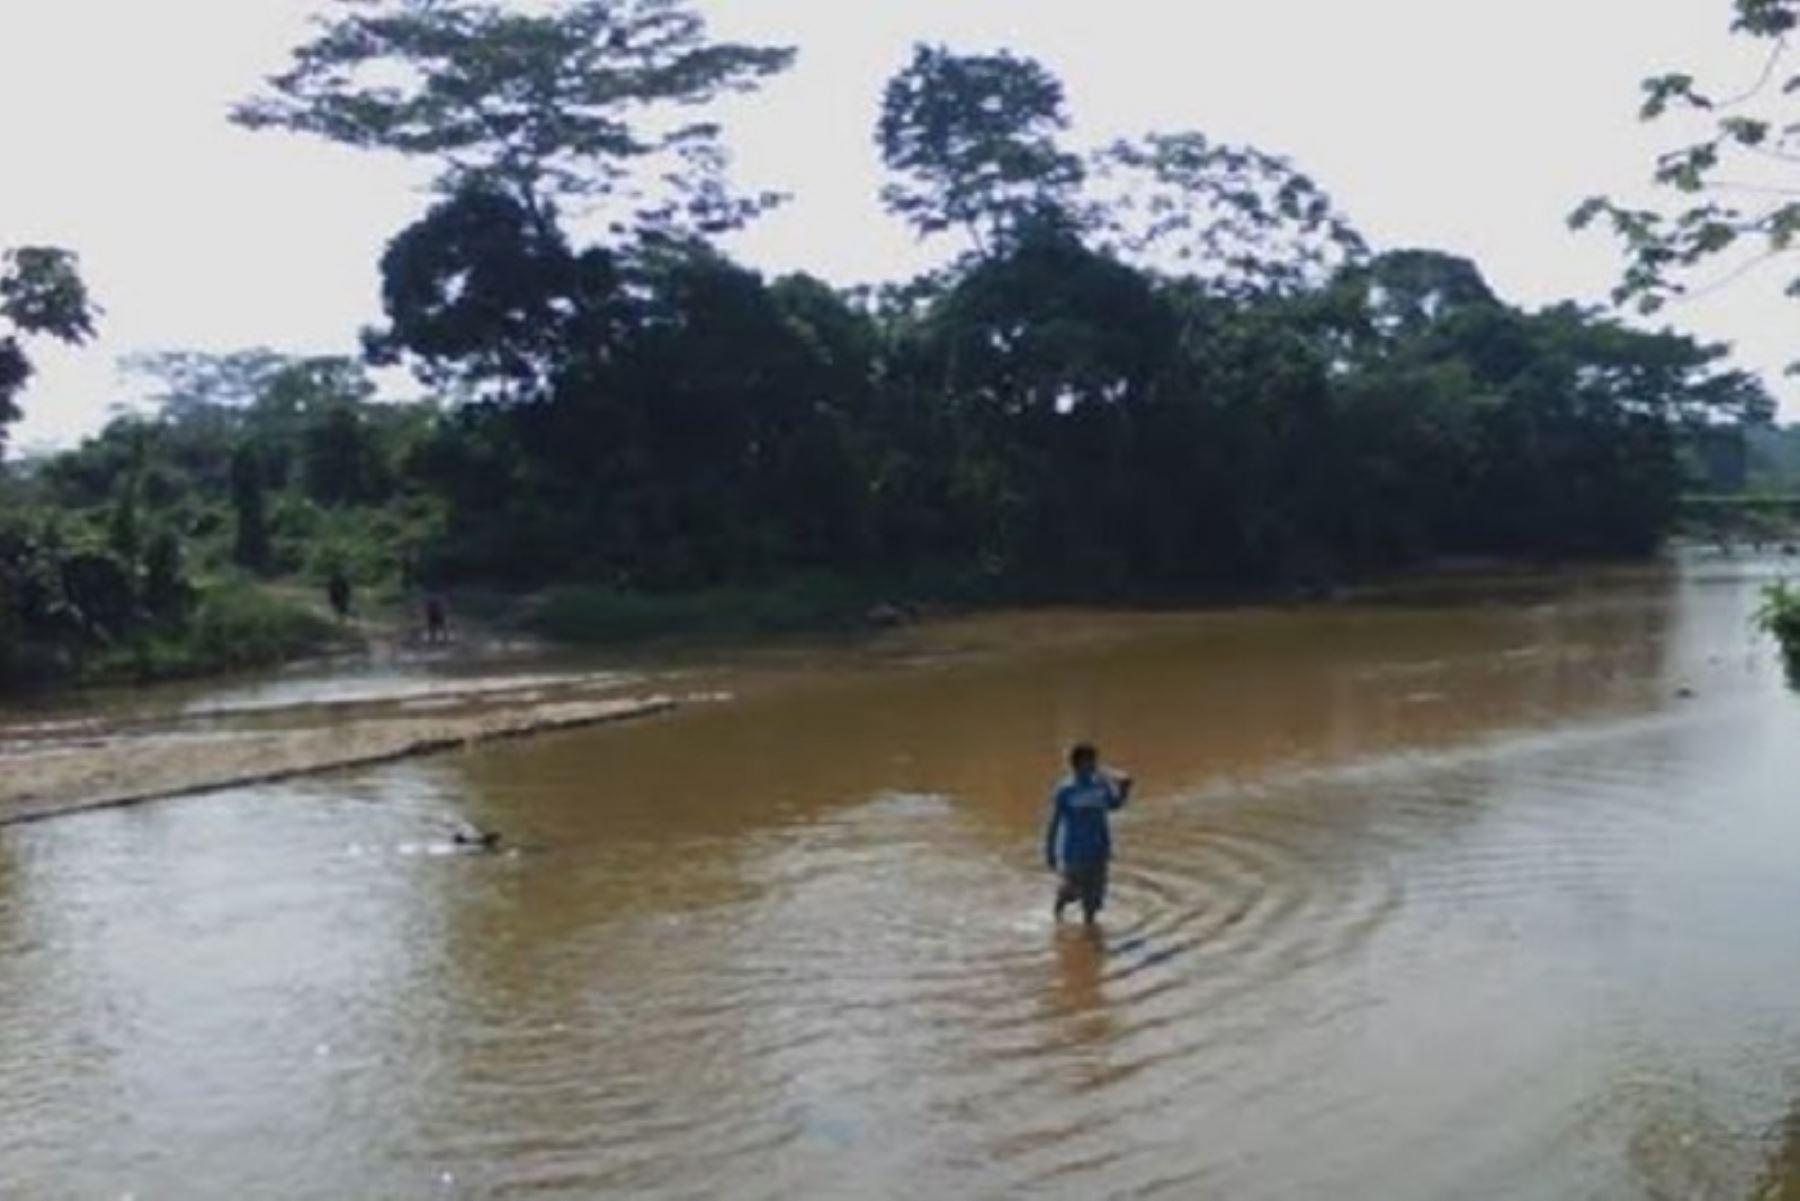 El nivel de agua de los ríos Huallaga y Marañón descendió en las últimas horas y ambos pasaron al estado de alerta amarilla en las estaciones hidrológicas Yurimaguas y San Lorenzo, en la región Loreto, respectivamente, informó el Servicio Nacional de Meteorología e Hidrología (Senamhi) al Centro de Operaciones de Emergencia Nacional (COEN). ANDINA/Difusión
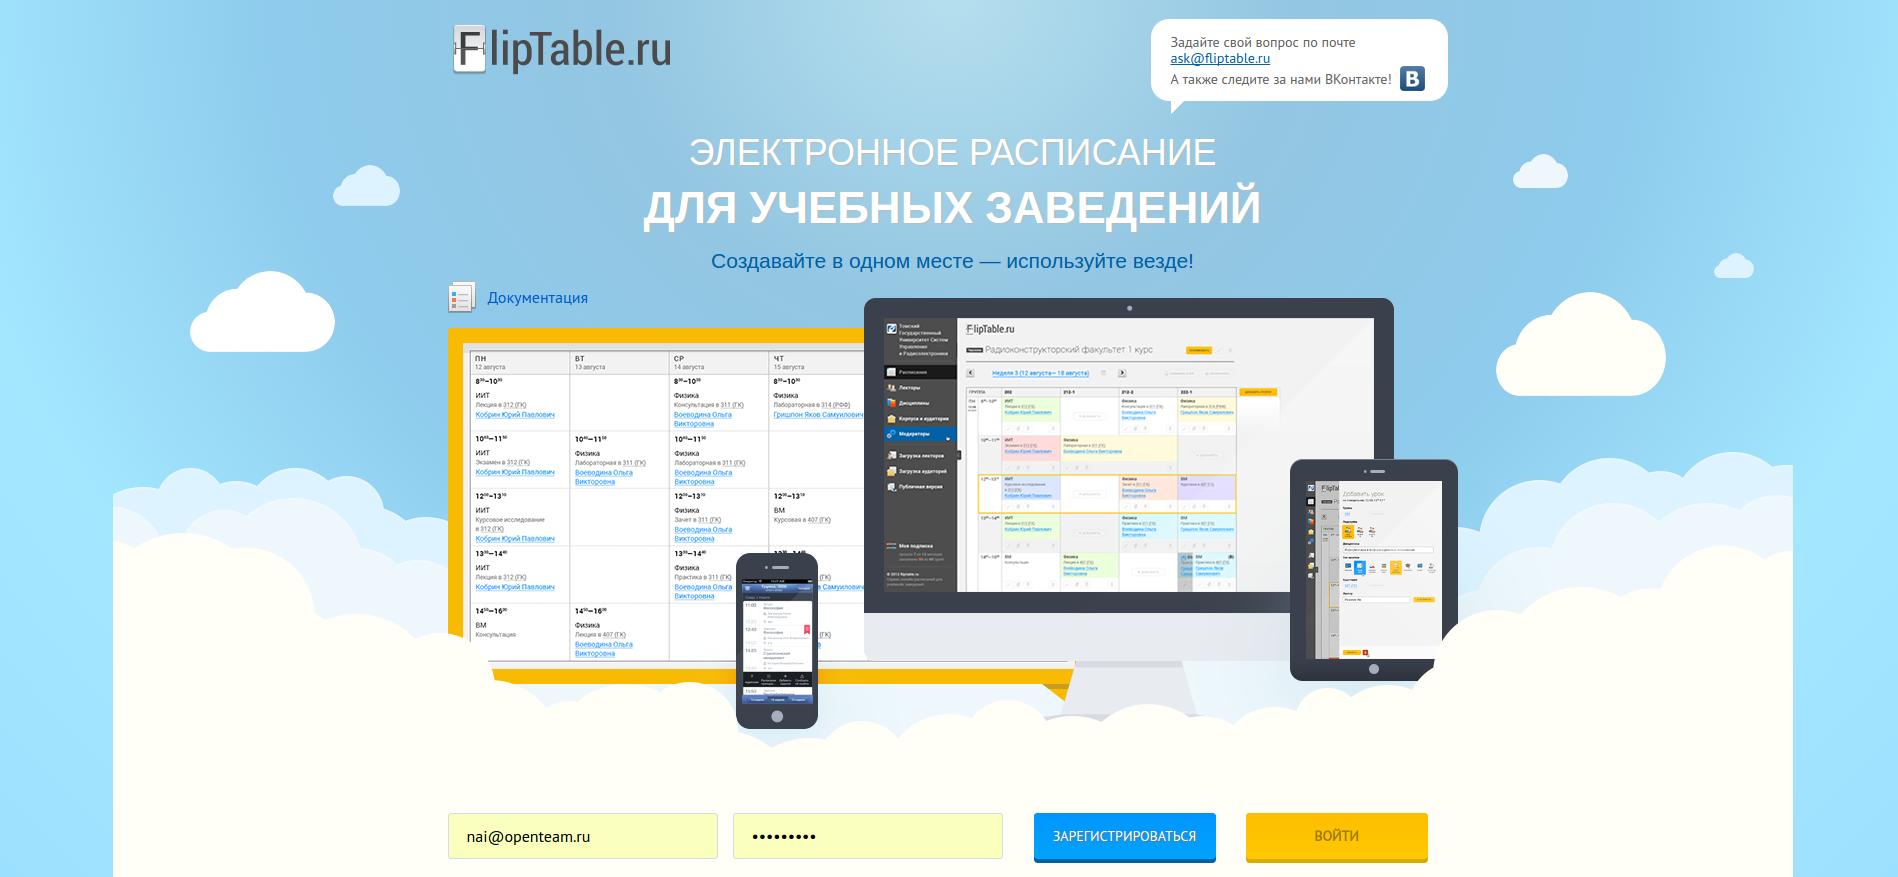 Видео урок FlipTable 1: Регистрация с подтверждением. Знакомство с рабочим пространством
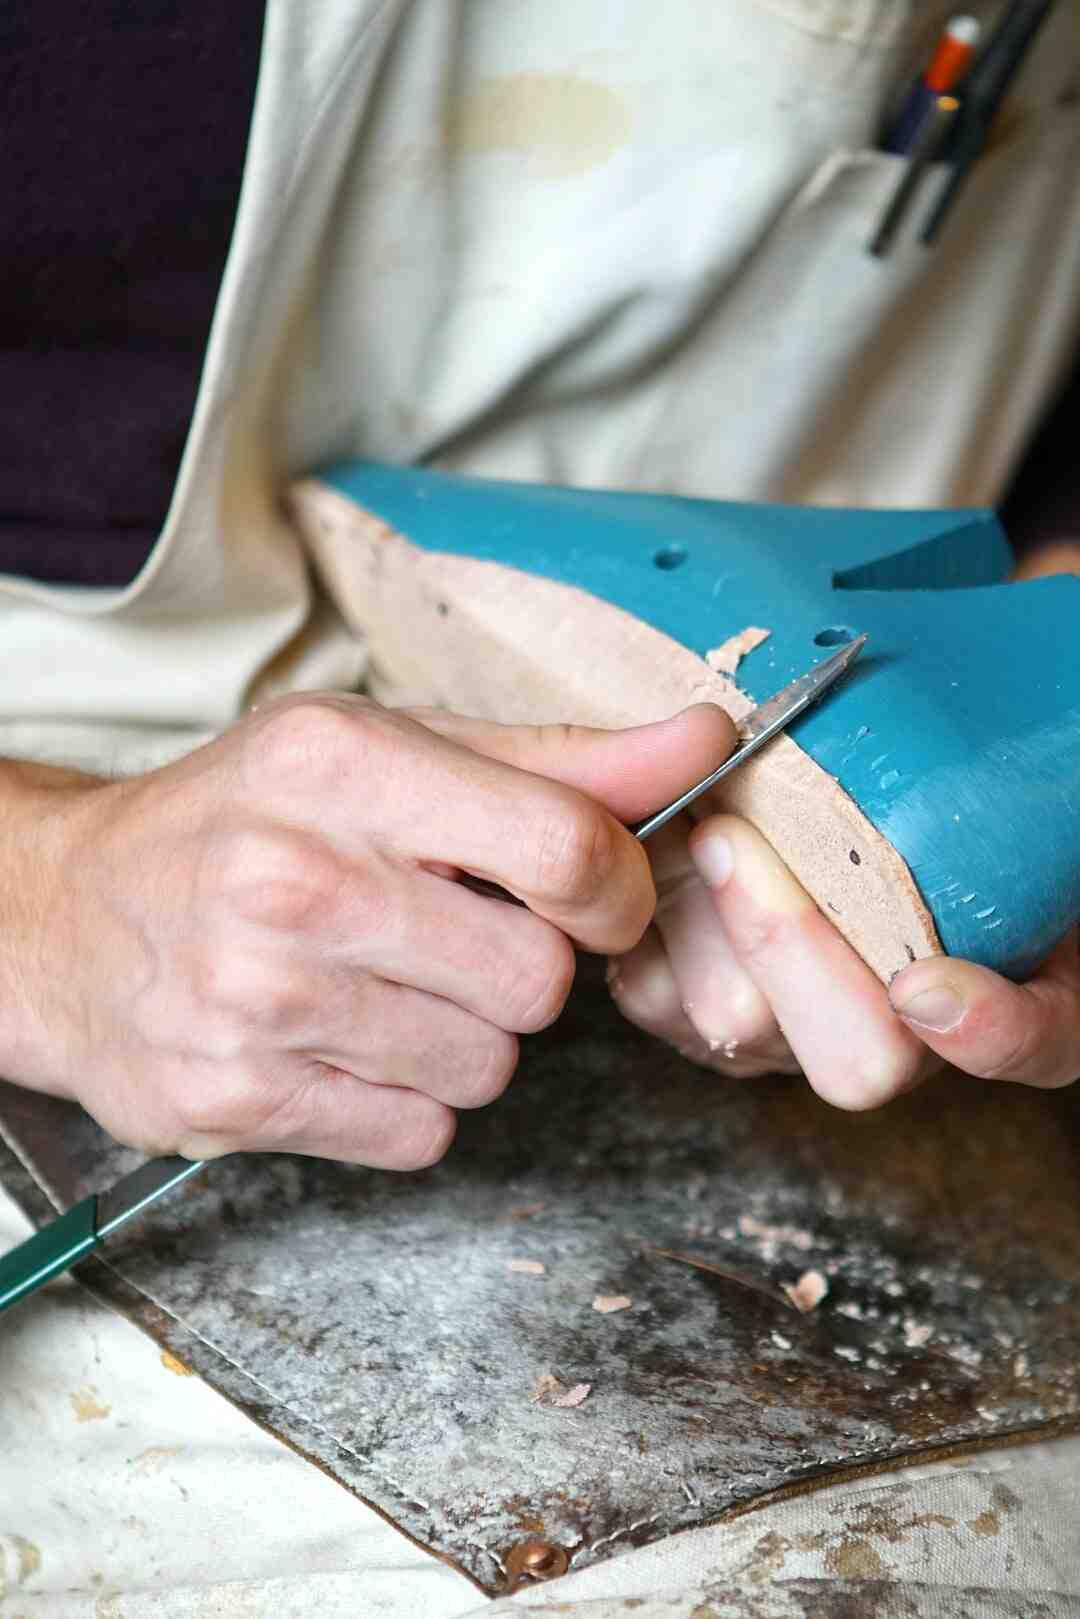 Comment réparer une semelle en caoutchouc ?
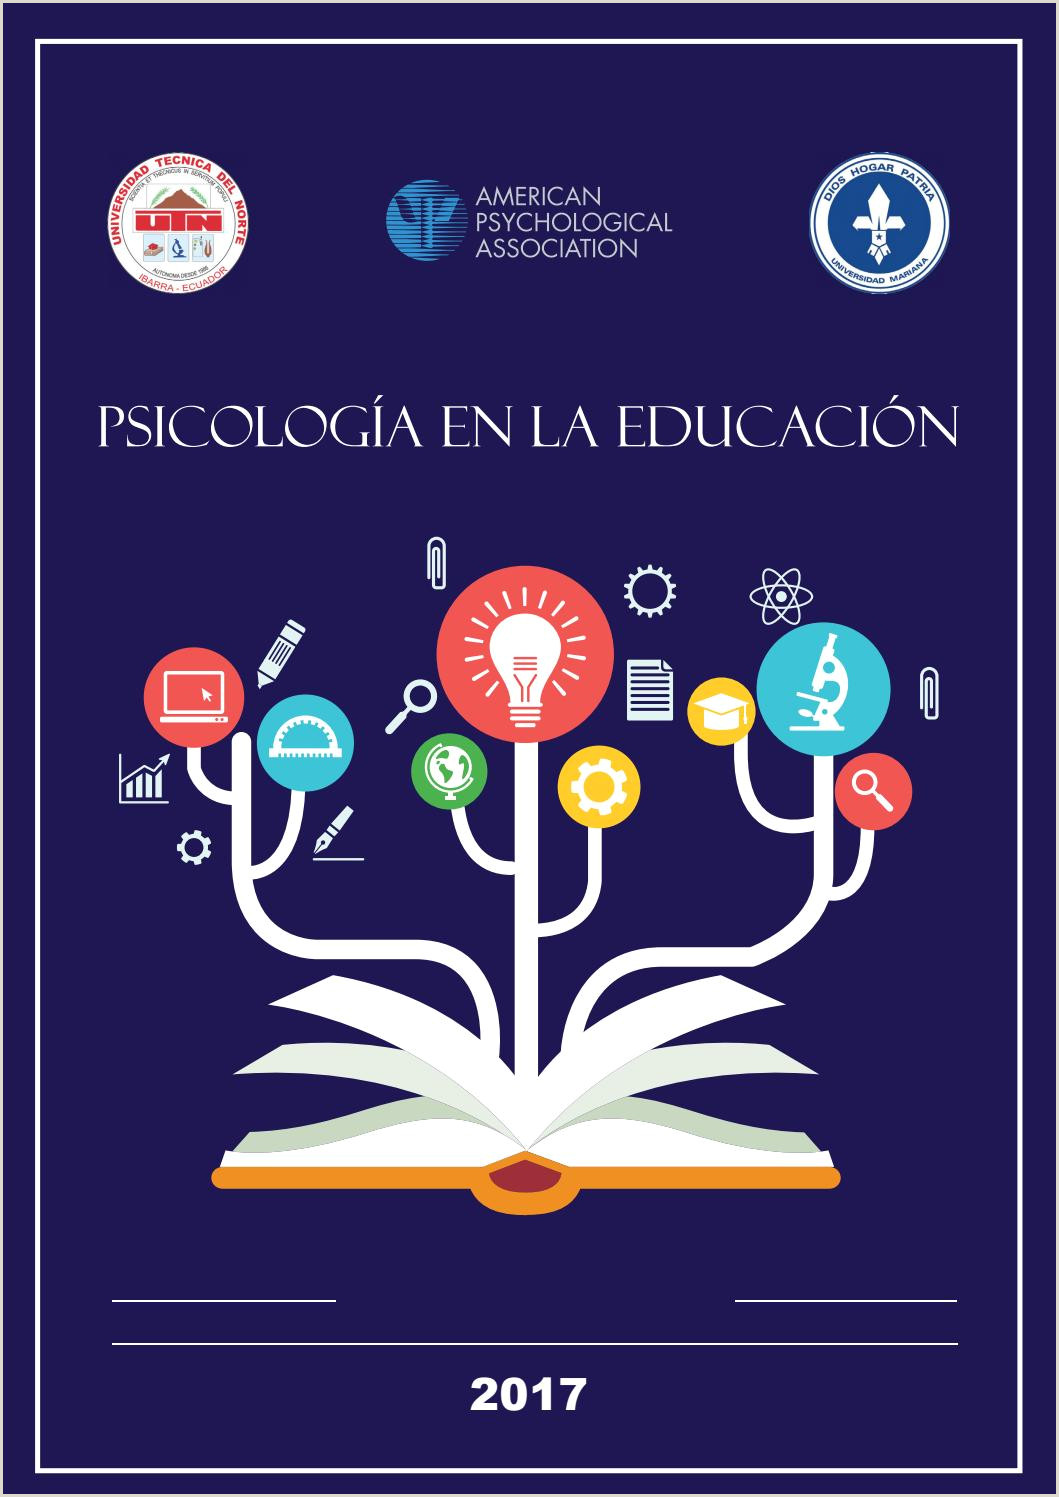 Hoja De Vida formato Unico En Wor Memorias Del Congreso De Psicologia En La Educaci³n 2017 by

◇ ◇ ◇ ◇

- [WORK INSTRUCTIONS]:
Pictures are to be omitted from the copy. Reproduce exactly, and only, the lines from the one containing "Comment réparer une semelle en caoutchouc ?" to the end of the listing above.

- [RESULT BELOW]:
 Comment réparer une semelle en caoutchouc ?
 Hoja De Vida formato Unico En Wor Memorias Del Congreso De Psicologia En La Educaci³n 2017 by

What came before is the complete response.